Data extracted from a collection
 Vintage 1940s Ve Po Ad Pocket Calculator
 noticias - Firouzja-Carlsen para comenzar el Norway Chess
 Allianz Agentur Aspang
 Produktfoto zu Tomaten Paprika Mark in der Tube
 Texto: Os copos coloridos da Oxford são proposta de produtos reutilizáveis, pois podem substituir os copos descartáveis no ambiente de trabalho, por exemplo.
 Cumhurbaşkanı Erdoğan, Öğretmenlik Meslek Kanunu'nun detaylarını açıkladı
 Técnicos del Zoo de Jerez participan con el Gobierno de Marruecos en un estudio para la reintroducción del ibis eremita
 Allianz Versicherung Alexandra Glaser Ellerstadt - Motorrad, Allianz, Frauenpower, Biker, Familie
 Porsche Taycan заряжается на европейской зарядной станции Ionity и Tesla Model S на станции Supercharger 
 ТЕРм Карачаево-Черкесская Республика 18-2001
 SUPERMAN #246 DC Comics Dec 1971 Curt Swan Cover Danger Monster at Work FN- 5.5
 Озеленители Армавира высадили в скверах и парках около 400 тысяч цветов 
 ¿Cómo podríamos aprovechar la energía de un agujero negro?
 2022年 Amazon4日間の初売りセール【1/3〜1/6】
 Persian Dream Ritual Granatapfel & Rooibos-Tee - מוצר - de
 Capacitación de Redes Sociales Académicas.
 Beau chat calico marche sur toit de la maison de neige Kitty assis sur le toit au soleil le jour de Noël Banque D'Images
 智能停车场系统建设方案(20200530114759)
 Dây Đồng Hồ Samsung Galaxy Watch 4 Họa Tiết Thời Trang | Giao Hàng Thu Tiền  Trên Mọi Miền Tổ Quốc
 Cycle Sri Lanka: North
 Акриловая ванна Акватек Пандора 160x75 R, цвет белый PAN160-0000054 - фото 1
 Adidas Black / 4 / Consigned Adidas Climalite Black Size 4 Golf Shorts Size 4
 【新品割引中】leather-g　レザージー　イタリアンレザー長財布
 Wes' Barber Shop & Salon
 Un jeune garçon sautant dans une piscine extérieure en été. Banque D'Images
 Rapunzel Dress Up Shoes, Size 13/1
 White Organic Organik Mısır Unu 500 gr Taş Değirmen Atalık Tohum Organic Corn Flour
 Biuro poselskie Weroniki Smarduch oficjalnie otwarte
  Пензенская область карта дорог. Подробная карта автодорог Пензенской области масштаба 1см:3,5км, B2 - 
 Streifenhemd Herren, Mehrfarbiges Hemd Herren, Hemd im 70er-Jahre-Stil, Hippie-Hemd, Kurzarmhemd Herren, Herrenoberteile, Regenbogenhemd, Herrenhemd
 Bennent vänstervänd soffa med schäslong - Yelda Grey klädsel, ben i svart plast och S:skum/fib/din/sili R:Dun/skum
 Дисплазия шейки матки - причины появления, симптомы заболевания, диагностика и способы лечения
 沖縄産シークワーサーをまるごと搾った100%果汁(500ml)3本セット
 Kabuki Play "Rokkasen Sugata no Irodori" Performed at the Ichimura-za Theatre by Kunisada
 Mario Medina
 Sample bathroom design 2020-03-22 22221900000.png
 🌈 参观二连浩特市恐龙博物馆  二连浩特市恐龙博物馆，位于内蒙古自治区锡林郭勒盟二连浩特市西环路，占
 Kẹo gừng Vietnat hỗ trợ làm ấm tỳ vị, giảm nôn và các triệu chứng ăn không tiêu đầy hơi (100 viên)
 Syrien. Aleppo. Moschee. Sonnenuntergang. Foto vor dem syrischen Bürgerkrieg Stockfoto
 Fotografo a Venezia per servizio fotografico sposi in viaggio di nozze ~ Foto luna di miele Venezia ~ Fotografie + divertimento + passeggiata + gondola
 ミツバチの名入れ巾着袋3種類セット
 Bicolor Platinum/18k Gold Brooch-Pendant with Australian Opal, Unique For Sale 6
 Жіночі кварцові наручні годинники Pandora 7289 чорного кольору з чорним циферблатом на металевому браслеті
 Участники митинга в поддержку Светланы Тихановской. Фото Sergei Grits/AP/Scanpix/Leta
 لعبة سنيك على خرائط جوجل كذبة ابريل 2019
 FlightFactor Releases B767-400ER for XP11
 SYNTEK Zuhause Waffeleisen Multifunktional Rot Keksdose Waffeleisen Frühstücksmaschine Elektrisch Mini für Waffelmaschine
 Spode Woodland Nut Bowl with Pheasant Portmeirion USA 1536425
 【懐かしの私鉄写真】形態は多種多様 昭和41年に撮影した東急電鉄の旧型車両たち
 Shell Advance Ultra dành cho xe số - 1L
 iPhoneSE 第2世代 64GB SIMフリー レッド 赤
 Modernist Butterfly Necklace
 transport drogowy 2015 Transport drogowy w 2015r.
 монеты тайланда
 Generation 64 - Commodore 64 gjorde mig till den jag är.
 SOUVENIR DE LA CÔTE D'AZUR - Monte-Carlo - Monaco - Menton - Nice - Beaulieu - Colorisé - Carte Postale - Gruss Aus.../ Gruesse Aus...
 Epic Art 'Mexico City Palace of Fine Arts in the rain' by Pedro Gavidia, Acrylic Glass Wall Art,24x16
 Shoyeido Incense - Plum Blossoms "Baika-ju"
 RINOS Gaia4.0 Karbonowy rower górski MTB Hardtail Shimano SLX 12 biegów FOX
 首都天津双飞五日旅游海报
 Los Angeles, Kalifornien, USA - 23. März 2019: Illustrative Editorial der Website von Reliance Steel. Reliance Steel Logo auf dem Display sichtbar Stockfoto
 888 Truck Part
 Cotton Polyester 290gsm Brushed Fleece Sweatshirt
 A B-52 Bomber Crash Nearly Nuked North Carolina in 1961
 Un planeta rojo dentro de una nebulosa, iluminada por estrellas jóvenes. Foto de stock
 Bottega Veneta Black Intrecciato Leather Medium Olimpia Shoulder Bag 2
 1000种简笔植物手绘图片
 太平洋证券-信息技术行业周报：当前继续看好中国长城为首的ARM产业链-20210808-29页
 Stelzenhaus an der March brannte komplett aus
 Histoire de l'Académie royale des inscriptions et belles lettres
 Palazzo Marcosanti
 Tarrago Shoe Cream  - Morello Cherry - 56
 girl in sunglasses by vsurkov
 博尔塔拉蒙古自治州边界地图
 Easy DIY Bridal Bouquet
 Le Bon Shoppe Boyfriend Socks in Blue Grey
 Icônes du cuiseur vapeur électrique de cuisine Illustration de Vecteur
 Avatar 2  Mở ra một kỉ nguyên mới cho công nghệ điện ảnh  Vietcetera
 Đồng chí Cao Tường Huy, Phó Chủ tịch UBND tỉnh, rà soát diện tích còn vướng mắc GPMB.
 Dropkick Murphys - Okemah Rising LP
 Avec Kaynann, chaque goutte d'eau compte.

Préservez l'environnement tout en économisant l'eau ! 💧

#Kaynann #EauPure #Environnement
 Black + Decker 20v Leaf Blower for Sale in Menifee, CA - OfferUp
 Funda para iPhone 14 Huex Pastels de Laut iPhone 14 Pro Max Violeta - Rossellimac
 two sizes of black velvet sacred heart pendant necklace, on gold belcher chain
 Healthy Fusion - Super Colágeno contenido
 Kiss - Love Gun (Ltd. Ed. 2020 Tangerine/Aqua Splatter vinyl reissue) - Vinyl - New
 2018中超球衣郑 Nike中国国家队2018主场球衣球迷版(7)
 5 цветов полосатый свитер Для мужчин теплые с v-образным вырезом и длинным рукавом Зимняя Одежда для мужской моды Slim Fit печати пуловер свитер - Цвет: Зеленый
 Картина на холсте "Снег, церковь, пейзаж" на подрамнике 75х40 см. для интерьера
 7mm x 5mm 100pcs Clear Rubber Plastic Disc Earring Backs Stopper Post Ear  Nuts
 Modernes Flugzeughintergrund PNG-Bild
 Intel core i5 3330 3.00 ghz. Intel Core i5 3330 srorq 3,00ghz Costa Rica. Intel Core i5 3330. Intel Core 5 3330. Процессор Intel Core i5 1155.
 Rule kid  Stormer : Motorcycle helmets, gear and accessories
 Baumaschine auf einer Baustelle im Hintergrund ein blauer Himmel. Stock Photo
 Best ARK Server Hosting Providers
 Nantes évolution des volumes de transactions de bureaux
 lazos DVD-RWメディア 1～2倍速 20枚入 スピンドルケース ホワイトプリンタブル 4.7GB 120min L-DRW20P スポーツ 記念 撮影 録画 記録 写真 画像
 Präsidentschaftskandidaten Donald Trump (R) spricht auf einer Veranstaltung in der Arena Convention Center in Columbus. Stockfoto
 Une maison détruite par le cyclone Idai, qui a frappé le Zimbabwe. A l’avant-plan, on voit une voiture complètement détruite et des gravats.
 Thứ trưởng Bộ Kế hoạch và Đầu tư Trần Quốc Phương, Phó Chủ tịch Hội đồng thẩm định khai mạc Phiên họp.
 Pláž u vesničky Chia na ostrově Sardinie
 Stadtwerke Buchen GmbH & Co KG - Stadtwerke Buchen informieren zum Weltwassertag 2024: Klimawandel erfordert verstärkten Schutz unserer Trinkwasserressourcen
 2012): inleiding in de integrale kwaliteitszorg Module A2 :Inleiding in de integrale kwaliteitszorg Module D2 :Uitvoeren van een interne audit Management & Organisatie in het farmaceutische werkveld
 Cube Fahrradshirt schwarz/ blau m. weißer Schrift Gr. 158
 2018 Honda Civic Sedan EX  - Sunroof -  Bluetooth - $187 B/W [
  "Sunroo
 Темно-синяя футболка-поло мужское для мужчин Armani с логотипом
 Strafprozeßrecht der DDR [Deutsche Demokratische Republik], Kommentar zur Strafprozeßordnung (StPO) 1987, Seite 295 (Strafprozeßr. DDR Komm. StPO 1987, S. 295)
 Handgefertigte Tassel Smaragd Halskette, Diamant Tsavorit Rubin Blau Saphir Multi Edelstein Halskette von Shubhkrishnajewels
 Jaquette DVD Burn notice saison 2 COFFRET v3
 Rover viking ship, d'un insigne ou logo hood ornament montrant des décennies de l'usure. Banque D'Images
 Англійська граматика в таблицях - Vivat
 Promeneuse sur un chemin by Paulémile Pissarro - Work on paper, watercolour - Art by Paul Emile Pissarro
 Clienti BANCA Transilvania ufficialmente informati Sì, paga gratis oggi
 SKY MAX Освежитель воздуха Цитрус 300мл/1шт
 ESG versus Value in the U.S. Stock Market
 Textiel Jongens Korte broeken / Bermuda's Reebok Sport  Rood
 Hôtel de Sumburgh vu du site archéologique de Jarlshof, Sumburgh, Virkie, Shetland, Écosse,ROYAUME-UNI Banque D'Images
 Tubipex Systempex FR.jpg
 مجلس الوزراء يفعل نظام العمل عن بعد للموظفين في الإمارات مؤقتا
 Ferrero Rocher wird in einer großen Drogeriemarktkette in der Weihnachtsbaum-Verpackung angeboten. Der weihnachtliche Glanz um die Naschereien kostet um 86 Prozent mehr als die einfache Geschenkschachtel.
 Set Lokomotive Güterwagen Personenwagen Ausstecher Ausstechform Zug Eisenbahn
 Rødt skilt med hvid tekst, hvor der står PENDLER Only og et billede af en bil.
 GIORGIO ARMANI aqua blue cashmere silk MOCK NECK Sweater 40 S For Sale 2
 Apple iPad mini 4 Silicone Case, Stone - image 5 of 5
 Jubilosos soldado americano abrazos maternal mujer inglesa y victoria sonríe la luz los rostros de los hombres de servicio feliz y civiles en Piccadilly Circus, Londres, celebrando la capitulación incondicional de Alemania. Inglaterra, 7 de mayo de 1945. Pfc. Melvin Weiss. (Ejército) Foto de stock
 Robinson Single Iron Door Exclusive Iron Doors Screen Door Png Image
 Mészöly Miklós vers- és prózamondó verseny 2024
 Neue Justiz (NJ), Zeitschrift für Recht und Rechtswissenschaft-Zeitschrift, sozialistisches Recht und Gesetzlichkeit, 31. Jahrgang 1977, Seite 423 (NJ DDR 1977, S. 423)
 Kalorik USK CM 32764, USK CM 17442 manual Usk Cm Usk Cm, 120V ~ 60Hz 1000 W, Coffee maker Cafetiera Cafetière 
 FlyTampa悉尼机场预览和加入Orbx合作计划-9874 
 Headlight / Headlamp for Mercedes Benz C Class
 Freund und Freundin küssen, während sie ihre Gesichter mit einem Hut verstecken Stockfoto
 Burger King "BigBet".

What is expected
Write out exactly the lines above between the line with "首都天津双飞五日旅游海报" and the line with "Un planeta rojo", inclusive, and nothing beyond them.

Solved exercise
 首都天津双飞五日旅游海报
 Los Angeles, Kalifornien, USA - 23. März 2019: Illustrative Editorial der Website von Reliance Steel. Reliance Steel Logo auf dem Display sichtbar Stockfoto
 888 Truck Part
 Cotton Polyester 290gsm Brushed Fleece Sweatshirt
 A B-52 Bomber Crash Nearly Nuked North Carolina in 1961
 Un planeta rojo dentro de una nebulosa, iluminada por estrellas jóvenes. Foto de stock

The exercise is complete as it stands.